Covid-19! The Travel Industry: What now?
It’s a no brainer that the Covid-19 pandemic has done detrimental damage to the Travel and Tourism industry. No one is travelling, resorts are closing, airports and airlines are all on lockdown. People are afraid to travel.
Businesses in the travel industry are now faced with a serious threat to their going concern. They are faced with a number of issues including how to handle prebookings, prepackaged holidays, and other operational activities among other things.
Depending on the level of spread the disease will reach, there will be a highly likely case of legacy effect. Legacy effect referring to the stigma associated with the destinations even after the virus has been contained (eg China, Italy).
Indeed the future looks gloomy for the industry. But, unlike the past pandemics, these have occurred at a time where dissemination of information isn’t as quick as today. This gives businesses a good fighting chance.
Positively, businesses have been given a perfect opportunity to realign strategies, review business processes, and give marketing more attention as to sales. Now more than ever, close cooperation within the industry players is very important.
The World Economic Forum projects the industry might require 10 months to recover from the effects of the Covid-19 pandemic. This can only be true if the virus gets contained.

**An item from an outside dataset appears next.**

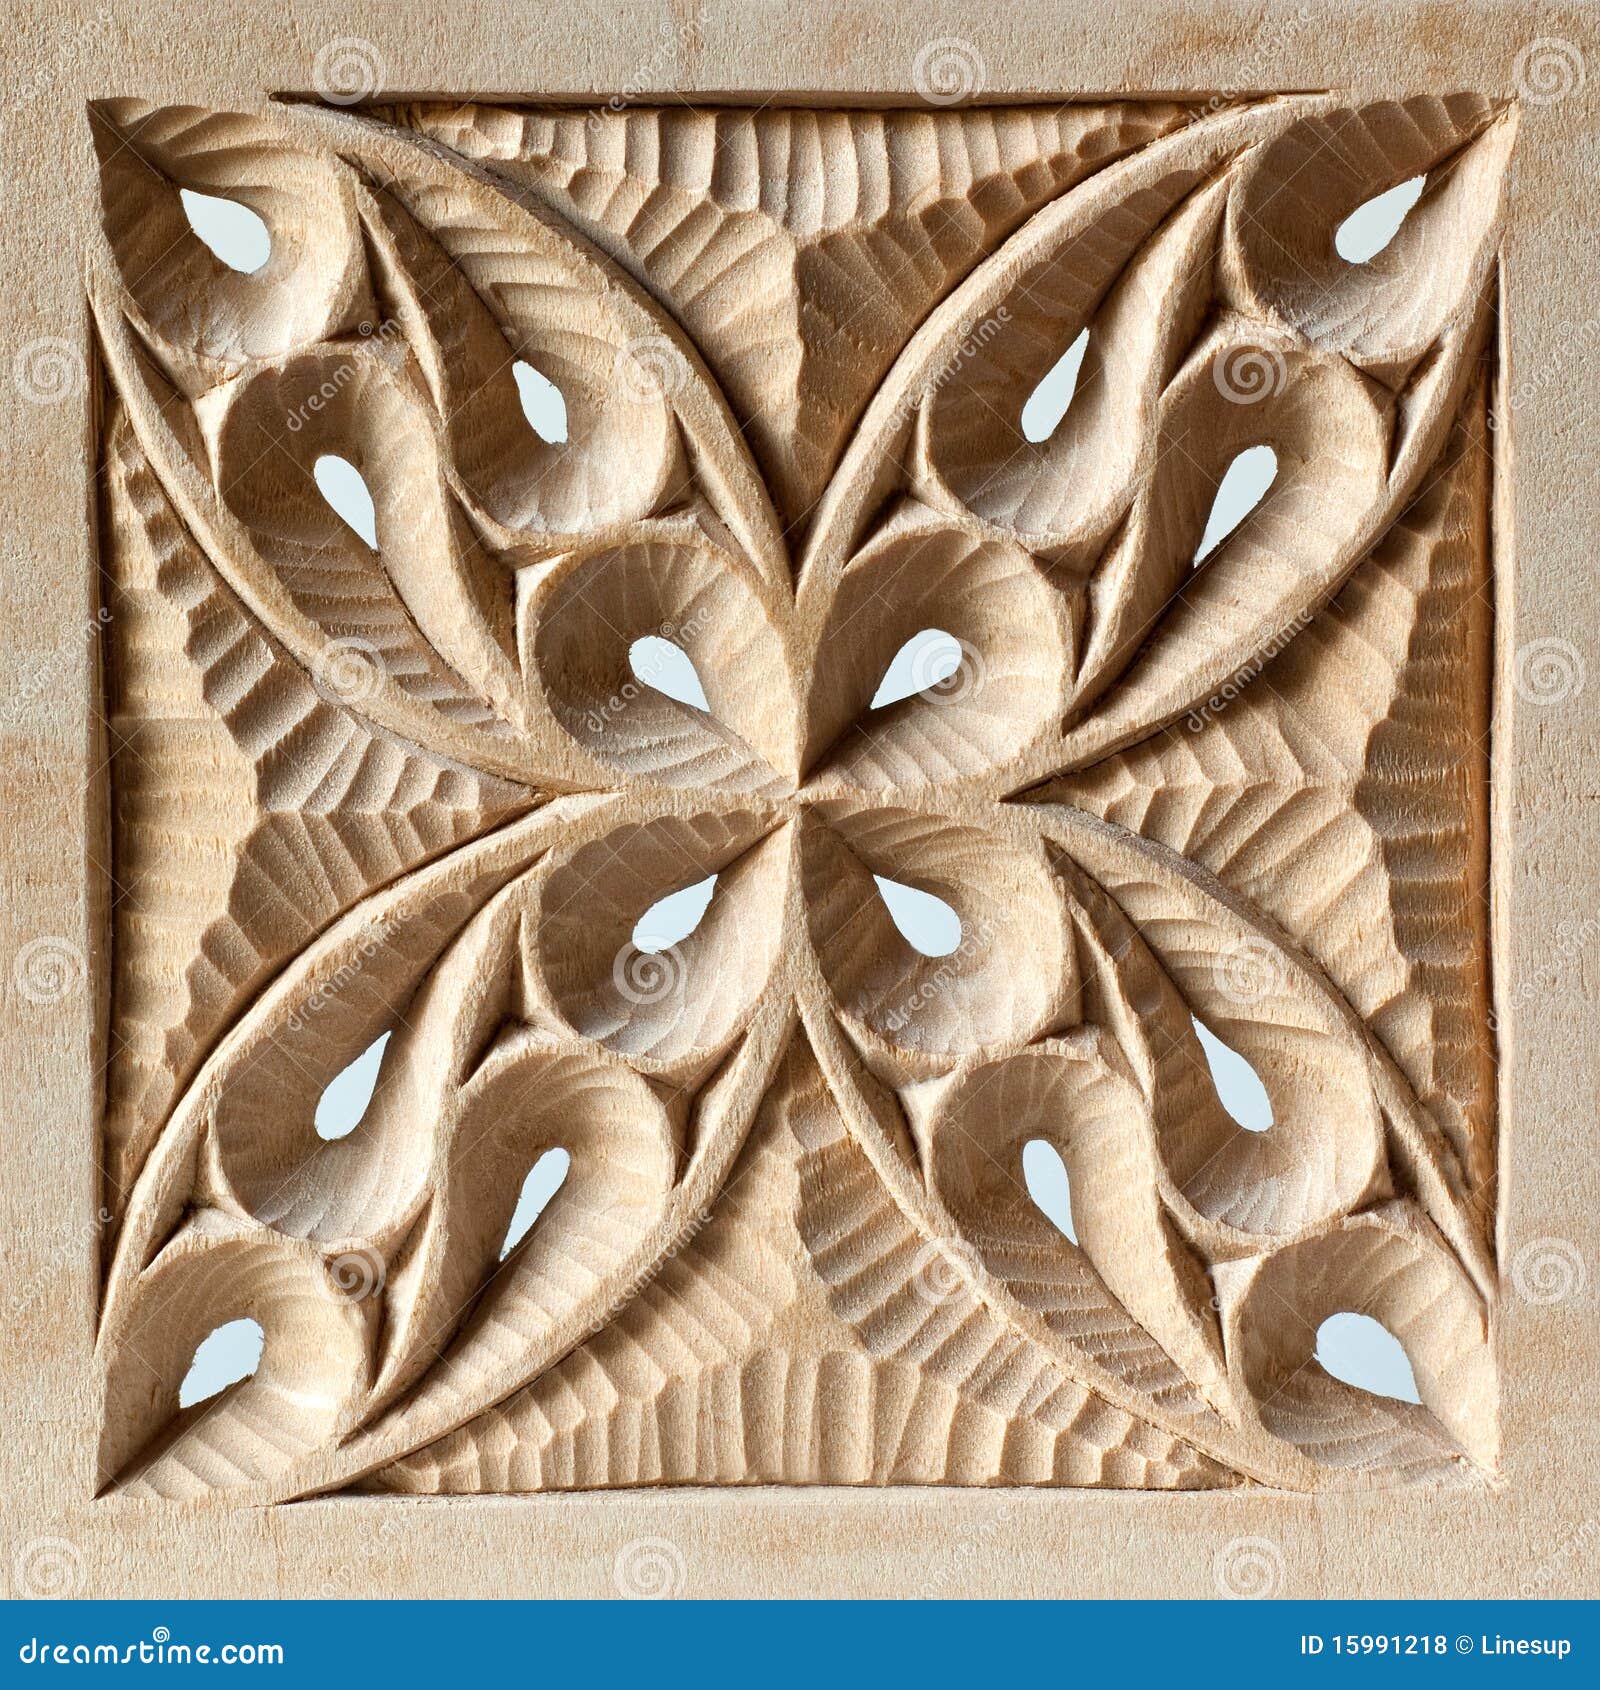 Pierced Carved Wood Panel Royalty Free Stock Photos - Image: 15991218
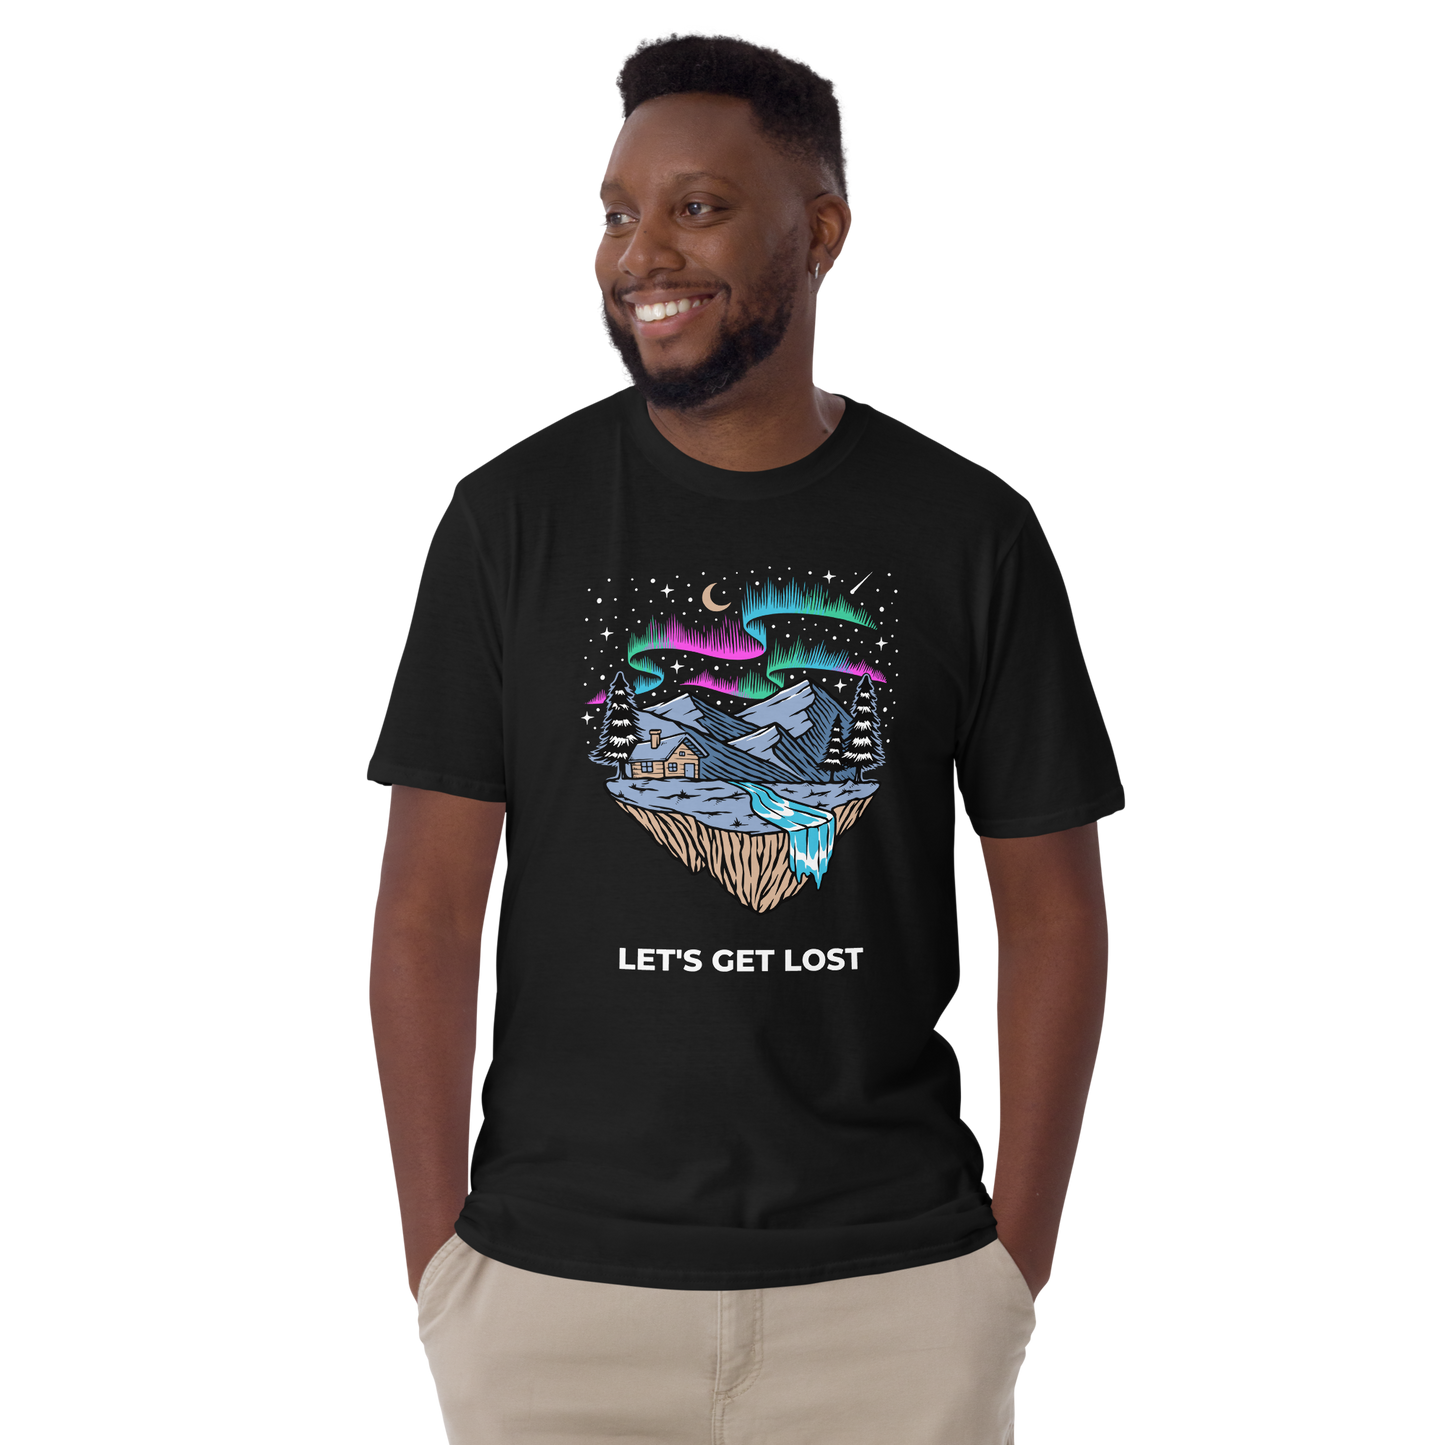 Smiling man wearing a Black Let's Get Lost T-Shirt featuring a mesmerizing night sky, adorned with stars and aurora borealis graphic on the chest - Cool Graphic Northern Lights T-Shirts - Boozy Fox

In as much as the private players have a responsibility to assist in the rejuvenation of demand for the destinations, it is important to note that the pandemic will eat heavily on the revenue of private companies leaving them vulnerable and of little help financially. Therefore, the governments should look at ways to rejuvenate demand for their destinations.
The World Travel and Tourism Council advice that governments should remove or simplify visas where possible, cut taxes and introduce incentives.
Before we even speak of the aftermath of Covid-19, massive Public Relations and Awareness campaigns must be launched to keep tourists updated on the developments of Covid-19 at the destination, and the efforts being made to prevent and contain the virus. Focus must be given as to why the destination should remain a top priority to any travellers so as to maintain the appeal of destination even after the pandemic.
A clear message must be sent out to dispel any false myths about Covid-19 which can be associated with the destinations. At an era where false information is easily spread, it’s important for destinations to have official channels to disseminate information specifically important to tourists.
The government must support the industry to deal with prebookings and package holiday players. Prebookings must be dealt with carefully so as to protect the consumers as well as the businesses. These present make it or break it scenario as failure to handle it precisely could earn a destination a bad reputation or lead to the failure of businesses.
Businesses must use their digital platforms to connect with their customers by sending out newsletters, updates, and posts on the state of Covid-19 at their resorts and destinations they operate at.
Covid-19 pandemic has put the world to a standstill. The travel industry will be hit the hardest as it relies on movement from point A to B and human interaction, all of which are the major causes of the rapid spread of the virus. The biggest tools now the industry can use to reduce the impacts are information and awareness. When used properly these tools can reduce the recovery period on the aftermath of the Coronavirus, Covid-19.